La vida del artista es dura y, en ocasiones, pinta desagradecida. Llena de cartonaje publicitario, la fama se ha empeñado en mezclarnos la calidad con la bazofia; convertirse en sujeto alienante del gusto musical. El pop se ha rodeado de cirugía plástica que enmascara el talento de sus ídolos. Nos comemos lo que nos venden los gurús del producto-espectáculo: el humo convertido en imagen. Promoción salvaje. Los cazatalentos bucean en You Tube en busca de nuevas ideas; Internet se ha convertido en una plataforma de publicidad iniciática, gratuita y peligrosa. Un laboratorio donde convive lo bueno con lo inaceptable, dirigido por los grandes fabricantes del producto final. You Tube es una gran televisión basada en shares de popularidad. Alguien desconocido pasa a convertirse en archifamoso del mundo mundial, sus canciones se hacen superventas: mercancía del camello musical que vende polvo de ladrillo a precio de cocaína pura.
Nunca llueve a gusto de todos y no debemos dejarnos regar siempre con el mismo agua. La diversidad no ha de perderse para que exista sensate. Justin Bieber es un pichón crecido a la sombra de Internet, arrullado por las redes sociales; por la moda efímera que genera una edad del pavo cada vez más tecnodirigida. Arrollado por ellas, también.
El chico de Stratford ha sido inflado como un pollo de explotación avícola; quizás en unos años, cuando su DNI posea dos cifras significativas (su cuenta corriente ya habrá rebasado la cifra del número pi con creces), se comience a hablar de una madurez musical.

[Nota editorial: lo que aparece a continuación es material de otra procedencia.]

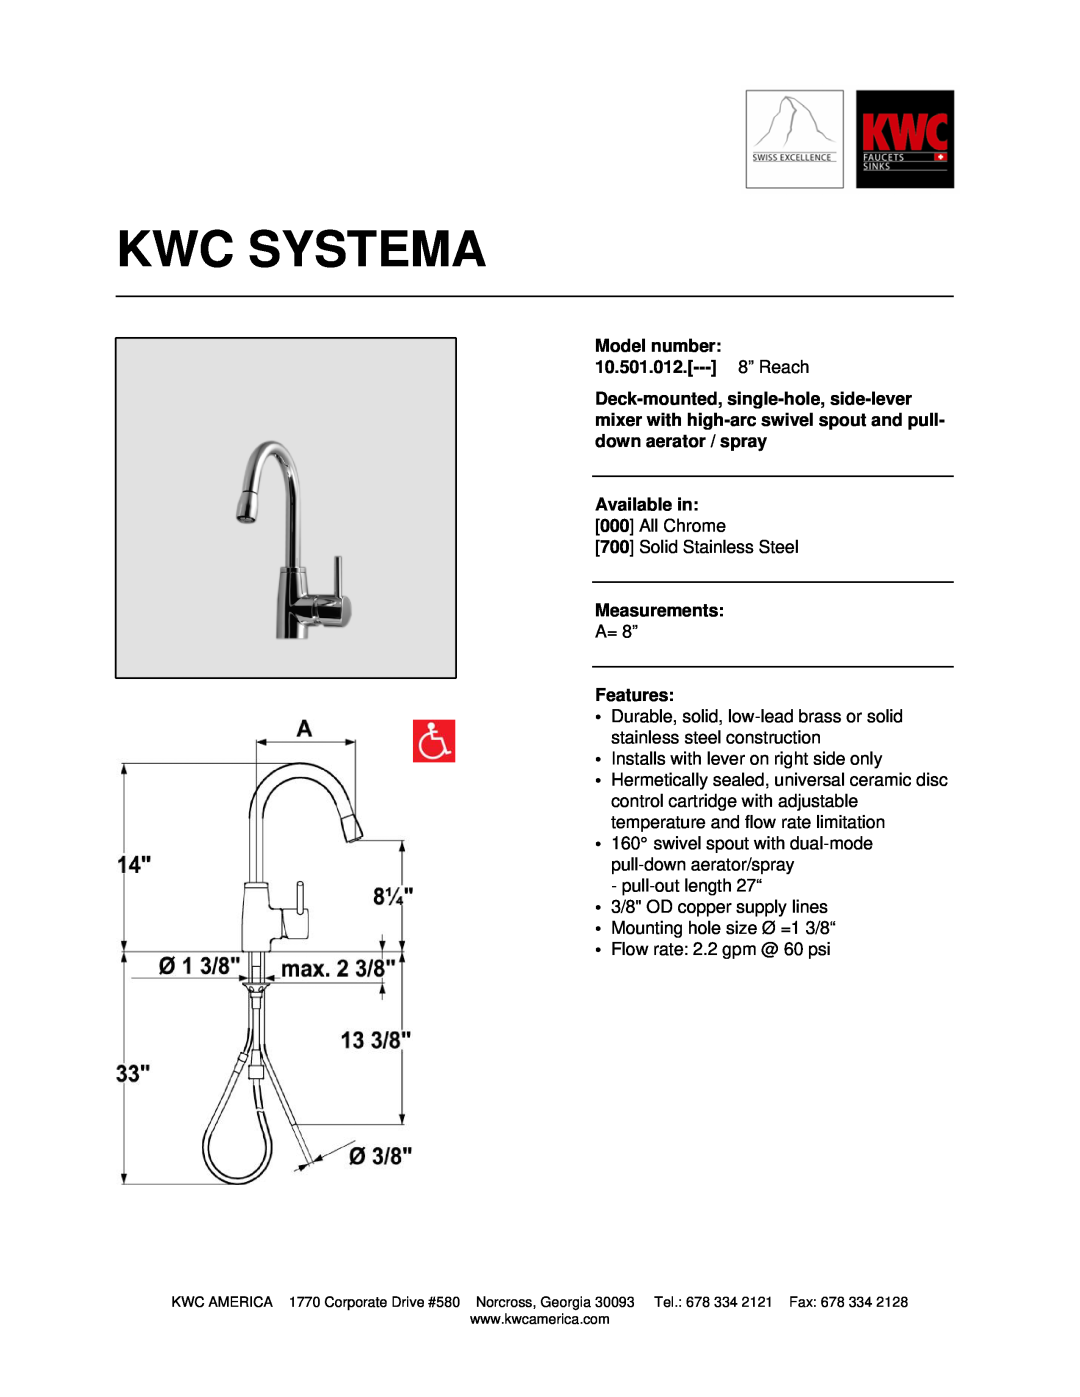 KWC manual Kwc Systema, Model number 10.501.012.--- 8” Reach, Available in, Measurements, Features

2011 está resultando un año repleto de éxitos y cifras desbordantes. J B, elegido rey de los 20 peores artistas pop en la historia musical por NME, representa una contradicción: la fama le ha encumbrado al Olimpo glamuroso en color y a doble página; las mismas que castigan su popularidad. La balanza de la sensatez se equilibra. El mérito es todo suyo, se lo tiene bien ganado. Ha trabajado para ello. La hazaña de J B supera la barrera del fenómeno aislado: es una mezcla de terremoto, maremoto y fenómeno de El Niño en un solo envase. Su disfraz de playmobil espectáculo se ha derretido como cera inconsistente.
Pasto de la novedad, payasete cinematográfico, marioneta discográfica y príncipe de contenidos electrónicos, J B se ha ganado este título por méritos propios, pitufo sorpresivo en el backstage; juguetón y gamberrillo como cualquier crío de su edad (17 años). La fiebre del niño-fenómeno fenomenal se ha tomado un paréntesis. J B, dejándose llevar, ha jugado al Peter Pan galáctico del siglo XXI y ha descubierto que esa galaxia brillante tiene finitud; que las alturas conllevan bajadas. Esta hazaña de convertirse en rey de los peores es un punto negro sobre su imberbe carita de ángel niño. Una espinilla en su currículo de ratón jugando a elefante.